Textes applicables (extraits)
- Article L. 1234-9 – Droit à l’indemnité de licenciement
- Article R. 1234-1 – Montant minimal de l’indemnité légale
- Article R. 1234-4 – Ancienneté et calcul
- Article L. 1234-5 – Indemnité conventionnelle plus favorable
- Article L. 1235-3 – Indemnité pour licenciement sans cause réelle et sérieuse (ne pas confondre)
À retenir :
- Le calcul des indemnités de licenciement économique repose sur le salaire de référence (moyenne 12 ou 3 mois) et l’ancienneté.
- L’indemnité conventionnelle prime si elle est plus favorable.
- Les primes régulières et avantages en nature doivent être inclus.
- En cas d’erreur, contestez dans les 12 mois.
- Faites-vous assister par un avocat expert pour maximiser votre indemnité.
Foire aux questions
1. Quel est le montant minimum de l’indemnité de licenciement économique en 2026 ?

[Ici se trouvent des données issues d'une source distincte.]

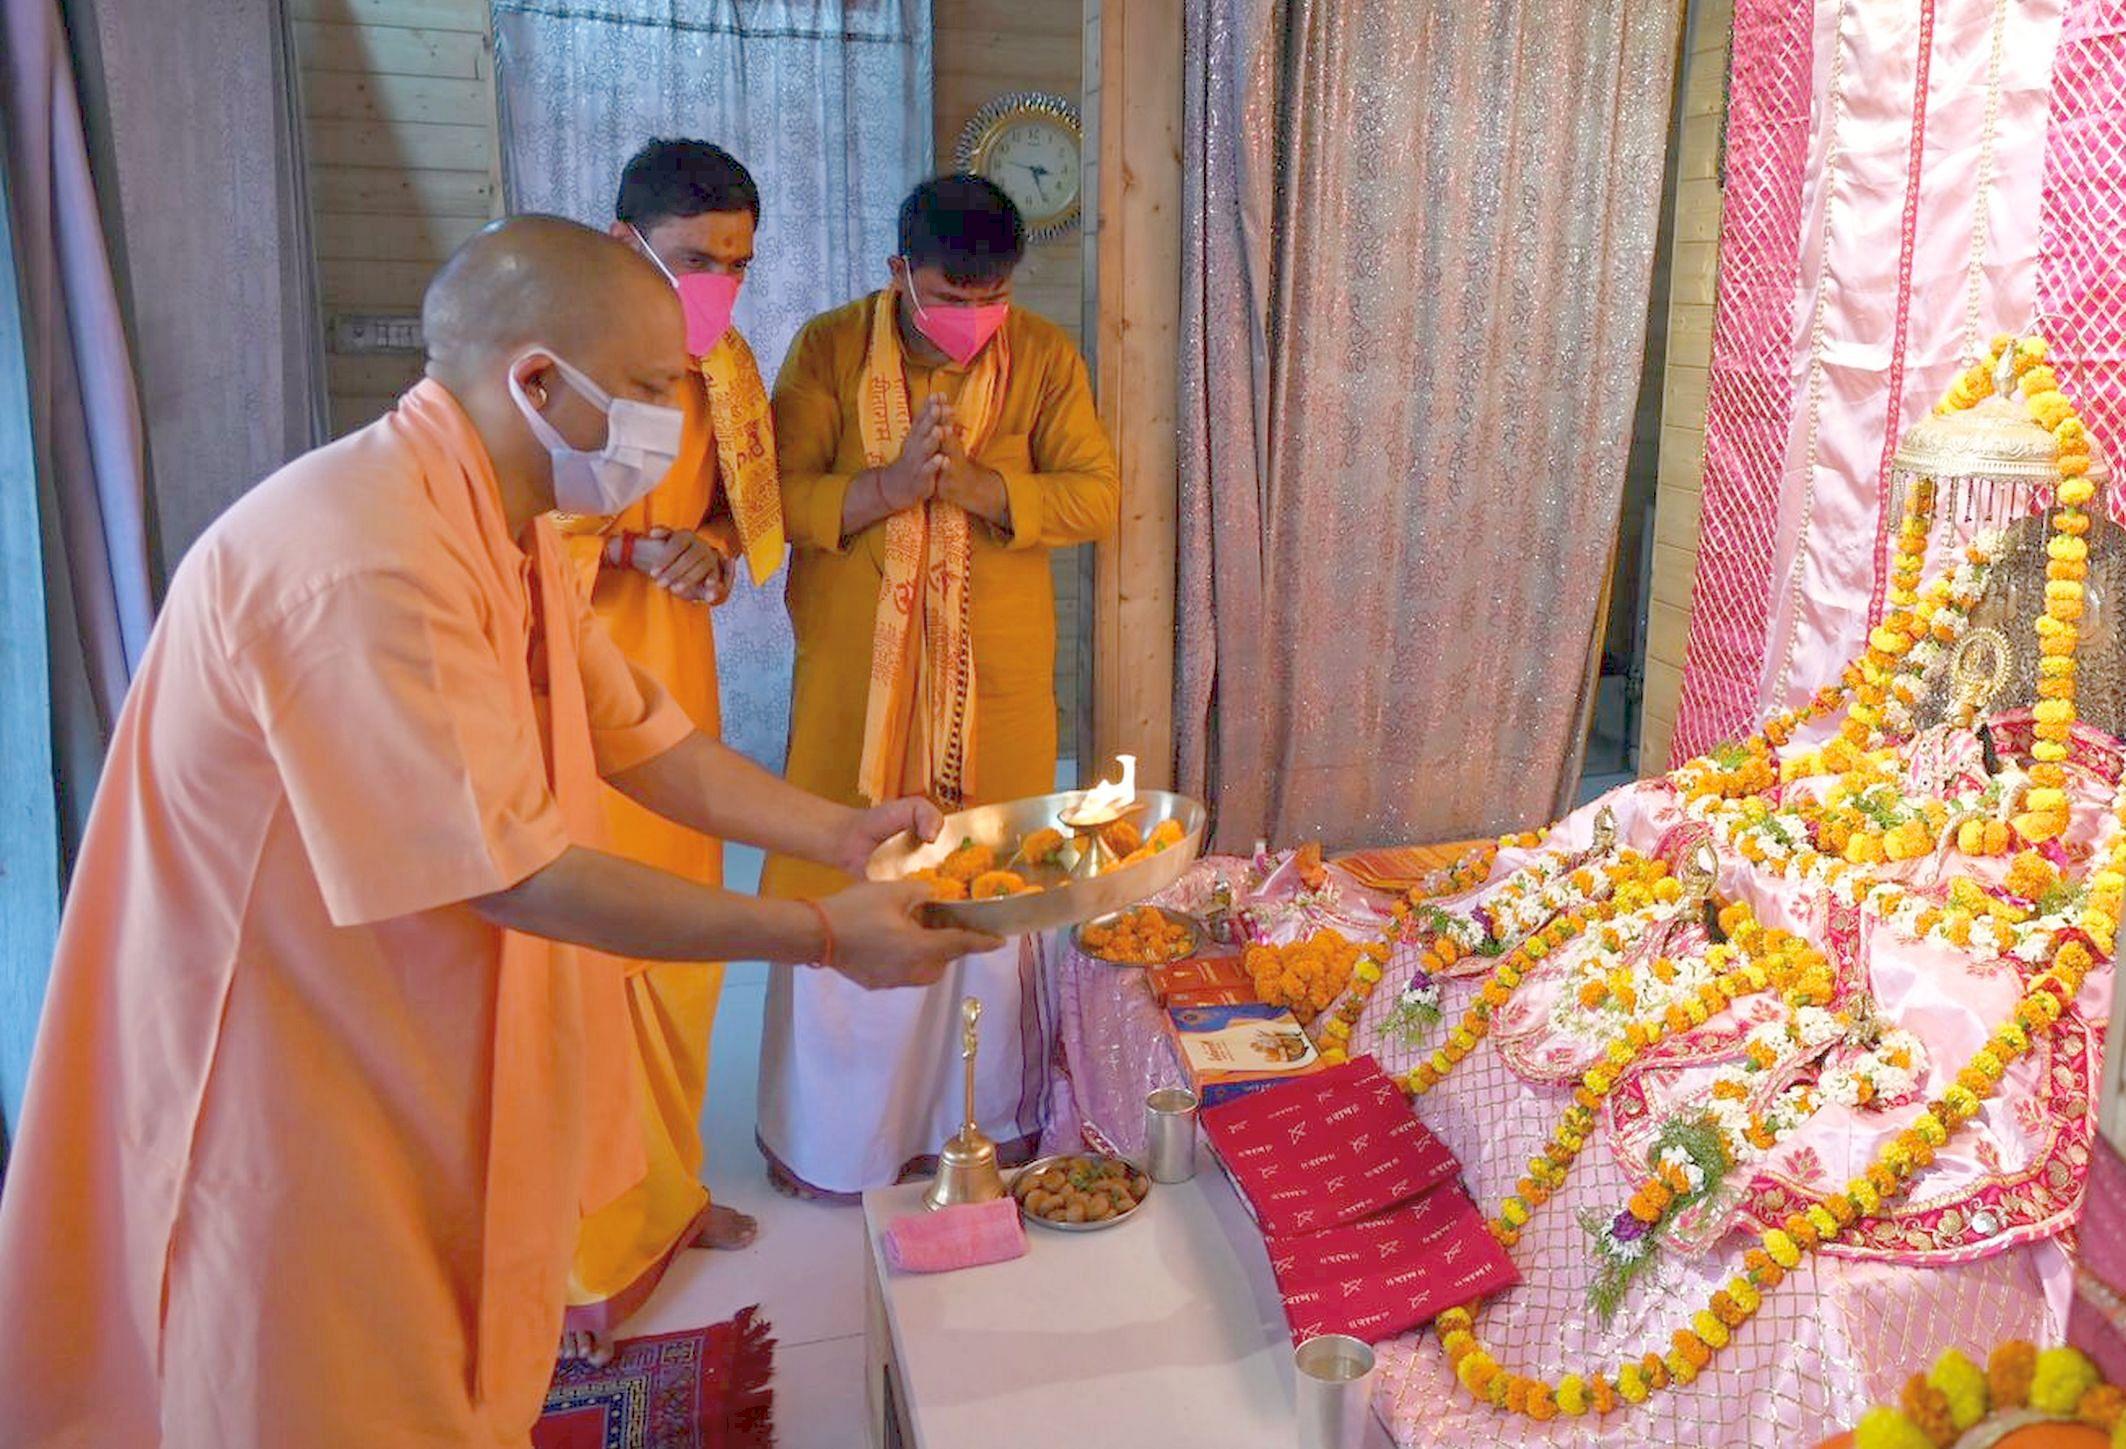 अयोध्या-रामलला का दर्शन करने के बाद आरती करते मुख्यमंत्री योगीआदित्यनाथ
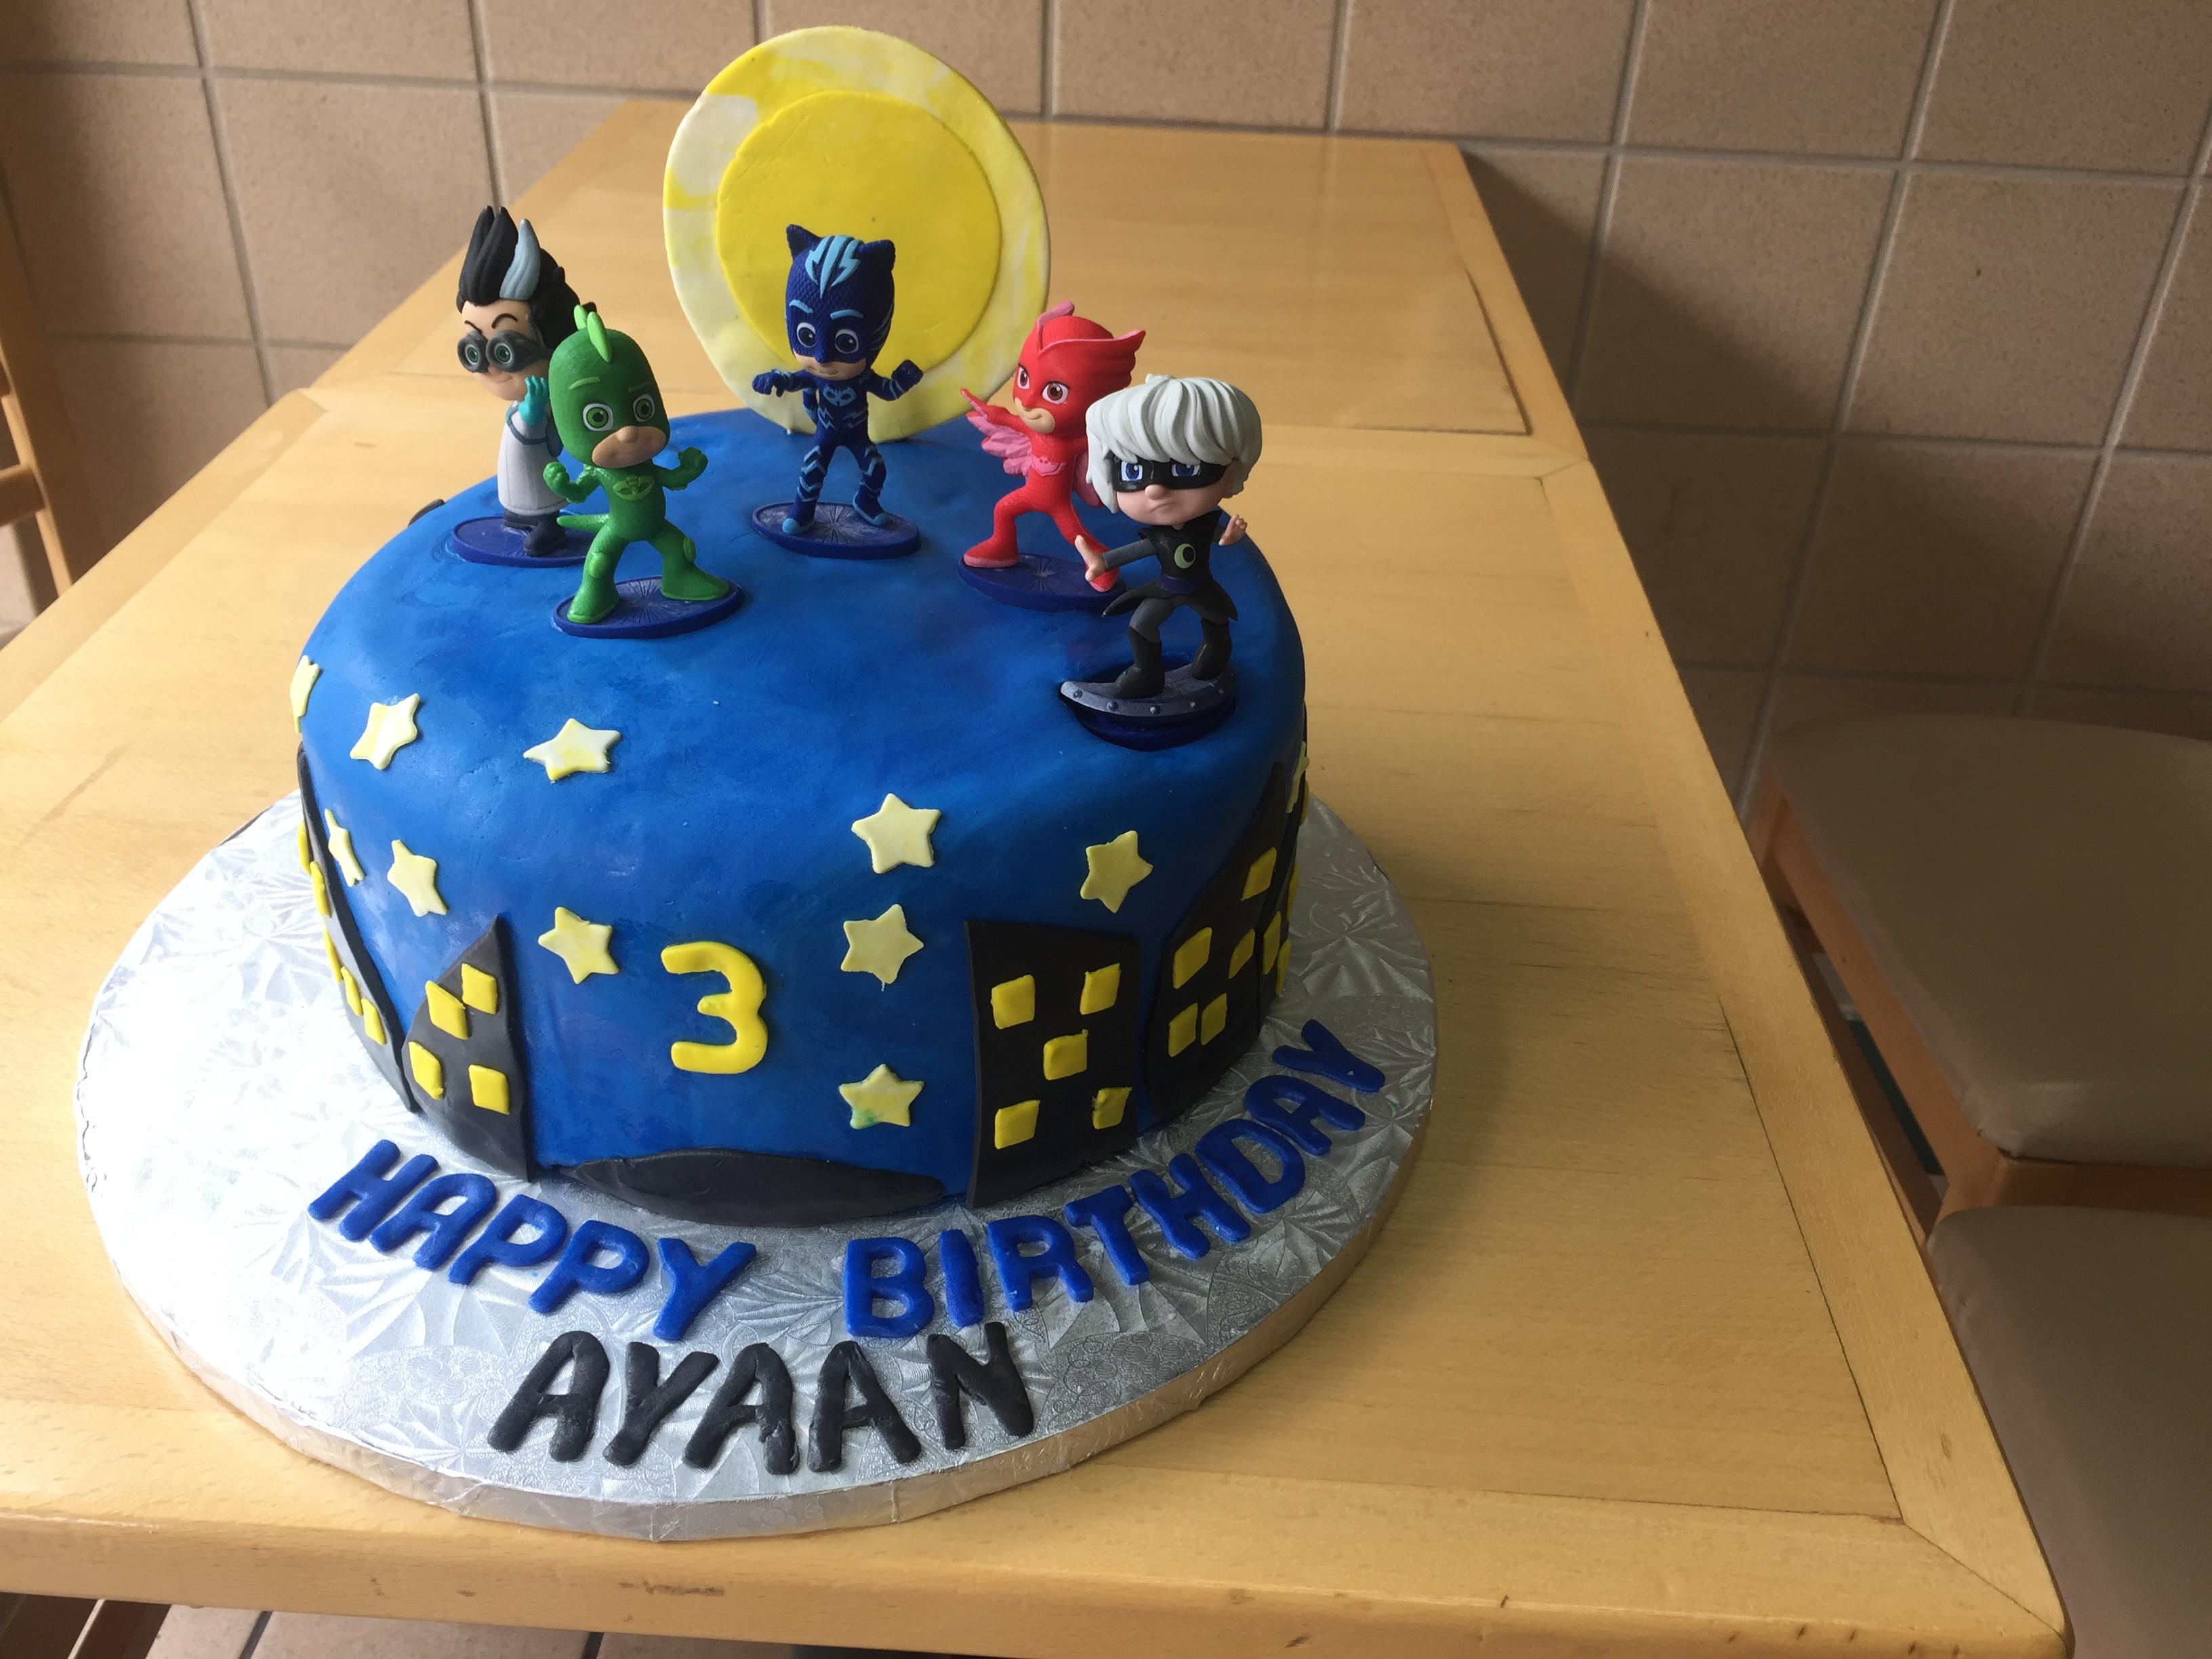 Pj Masks Birthday Cake Wild Berries Bakery And Cafe

1/4 de mois par année pour les 10 premières années, puis 1/3 de mois par année au-delà. Exemple : 10 ans d’ancienneté, salaire 2000 € → 5000 €.
2. Mon employeur peut-il ne pas me verser l’indemnité conventionnelle ?
Non, si elle est plus favorable, elle s’applique automatiquement. Vous pouvez exiger le calcul conventionnel.
3. Les heures supplémentaires sont-elles prises en compte ?
Oui, si elles sont régulières et mentionnées sur les bulletins de paie.
4. Comment calculer l’ancienneté en cas de suspension de contrat ?
Les périodes de maladie, accident du travail, congé maternité sont assimilées à du travail effectif.
5. Que faire si je reçois une indemnité trop faible ?
Envoyez une réclamation écrite à l’employeur. En l’absence de réponse, saisissez les Prud’hommes dans les 12 mois.
6. L’indemnité de licenciement économique est-elle imposable ?
Elle est exonérée d’impôt dans la limite de 2 fois le PASS (plafond annuel de la Sécurité sociale) ou 50 % du montant, dans la limite de 6 PASS.
7. Puis-je cumuler indemnité de licenciement et allocation chômage ?
Oui, l’indemnité de licenciement n’est pas déduite des allocations chômage, sous réserve des règles de différé d’indemnisation.
8. Un avocat est-il obligatoire pour contester mon indemnité ?
Devant le conseil de prud’hommes, non. Mais devant la cour d’appel, oui depuis 2026. Il est fortement conseillé d’être assisté dès le début.